# Just got an 811



## saweetnesstrev (Oct 8, 2005)

Picture looks up!!! cept for some noise im very happy!!! I have 1 question tho can i get a DVI-HDMI cable will that work?? my tv has output hdmi.. tyvm


----------



## Ron Barry (Dec 10, 2002)

noise? The 811 does not have a fan and should be pretty silent. What noise are you talking about. As for doing DVI-HDMI I believe this is possible though I have not done it myself.


----------



## saweetnesstrev (Oct 8, 2005)

noise as in the picture... picture noise.. maybe its from the recording


----------



## Jason Nipp (Jun 10, 2004)

On all channels?


----------



## saweetnesstrev (Oct 8, 2005)

It could be normal,, im not getting a Dolby 5.1 signal either with my optical cable,, and some sound going in and out here and there but i do get a Dolby Digital signal but its not 5.1 anyone know how to fix this?


----------



## olgeezer (Dec 5, 2003)

saweetnesstrev said:


> Picture looks up!!! cept for some noise im very happy!!! I have 1 question tho can i get a DVI-HDMI cable will that work?? my tv has output hdmi.. tyvm


DVI/HMDI cables will work. Remember that your audio needs to run separately. It will not carry with this cable.


----------



## saweetnesstrev (Oct 8, 2005)

Thanks Olgeezer


----------



## Ron Barry (Dec 10, 2002)

Check this thread out....

http://www.dbstalk.com/showthread.php?t=49476


----------



## saweetnesstrev (Oct 8, 2005)

I fix the bleeping noises,, i had to make it tight,, but i dont get a DD 5.1 signal just a Digital Signal .. ty ron


----------



## Ron Barry (Dec 10, 2002)

Not sure you are aware of this. But you will only see DD if the program is delivering DD. That is why the DD/PCM option and the DD only option. If you set to DD only and than watch a non-DD content you will get no sound. Are you sure you are watching DD content?


----------



## saweetnesstrev (Oct 8, 2005)

HDNet Movies (Sat. 110* / Tp. 7*)
-Average Video 16.96 Mbps
-1920x1080i
-Dolby 5.1 384 Kbps

And Voom Channels are 5.1 384 KBPS what Gary's website says.. They only getting me Digitial instead of Dolby Digital  And i still do get bleeps only with HD channels..


----------



## logray (Apr 8, 2005)

I don't think you will get DTS from HDNET as I never have, but that may vary depending on programming and I don't watch that channel much. But you should get Dolby Digital as long as you have it enabled in the 811's menu (recommend DD/PCM setting as Ron stated earlier) and the programming is being broadcast with DD.
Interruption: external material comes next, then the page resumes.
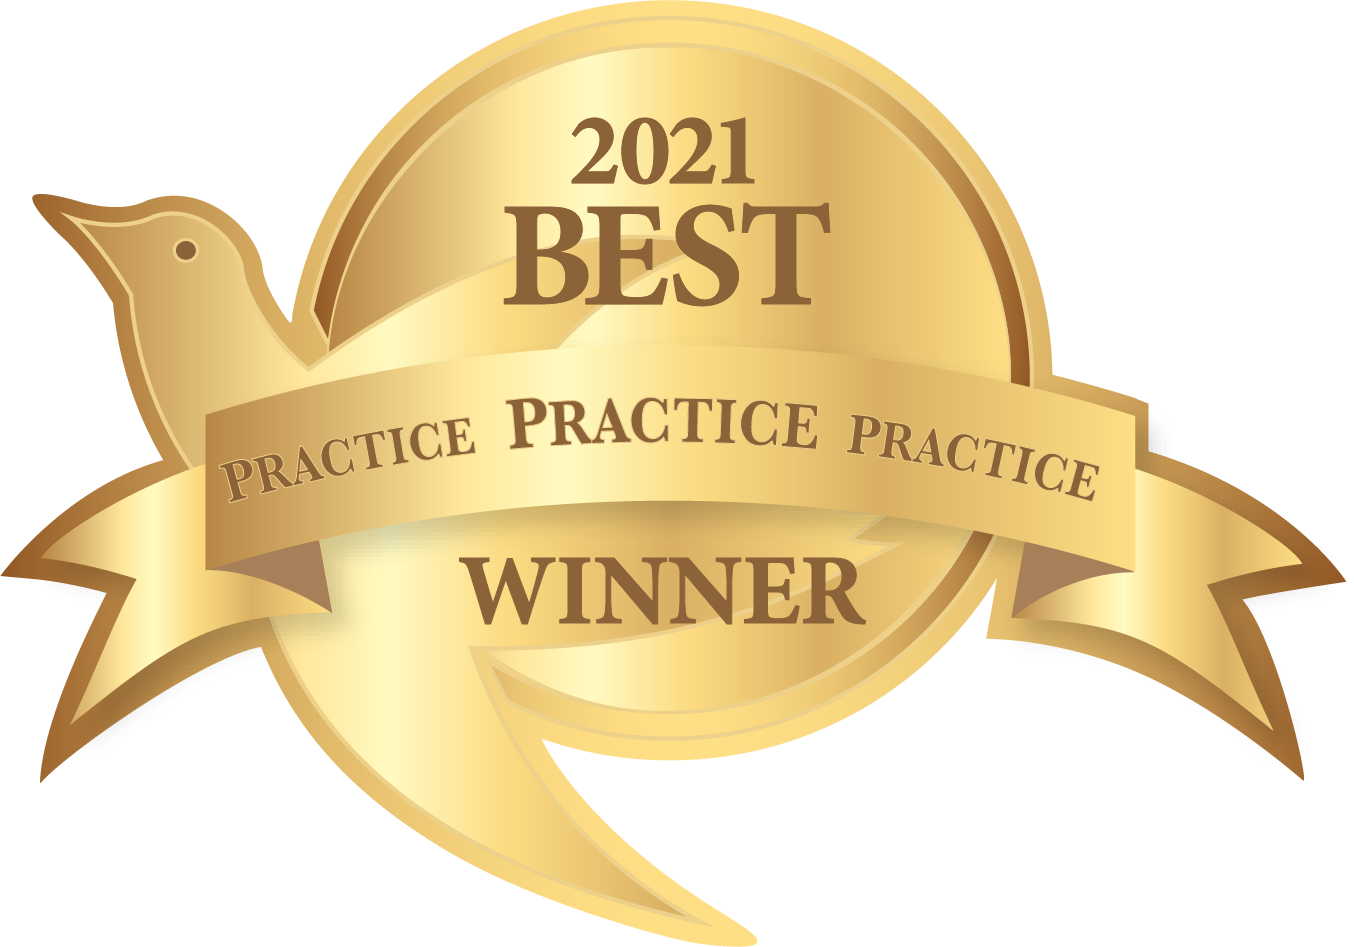 Best Practices Winner

You said in an earlier post that you "fixed the bleeps" by tightening the connection, but in your most recent post above this one you're saying you get them again. By HD channels do you mean off air channels or satellite channels? In either case it sounds like you may have an incompatibility or connection issue and I would refer to the other TOSLINK thread that we already have running in the 811 forum.


----------



## Ghostwriter (Oct 11, 2005)

Very odd. Although I am overall happy with my 811 I would be upset if I got one handed to me today considering the 411 is already out there and being installed. Seems like E* wants to clear out the 811s which makes no sense to me, I think it would benefit them to start installing only 411s at this point.


----------



## saweetnesstrev (Oct 8, 2005)

HD Satellite Channels the bleeping occurs, Music Channels and Non HD channels are fine  Other then that its superb, i notice i get Dolby Digital 5.1 tho on Sho HD and HBO HD sometimes


----------



## saweetnesstrev (Oct 8, 2005)

Was Watching Discovery Home Theater and man it was amazing and i got a Dolby Digital EX 6.1 audio signal amazing picture and sound omfg!!! It was about tigers that killed humans!  amazing stuff !


----------



## Jason Nipp (Jun 10, 2004)

Only Dolby Digital 5.1 at this time.


----------



## Ghostwriter (Oct 11, 2005)

Yep only 5.1 unless your AV Receiver is matrixing the 6th speaker, which it most likely is if you were getting the rear center.


----------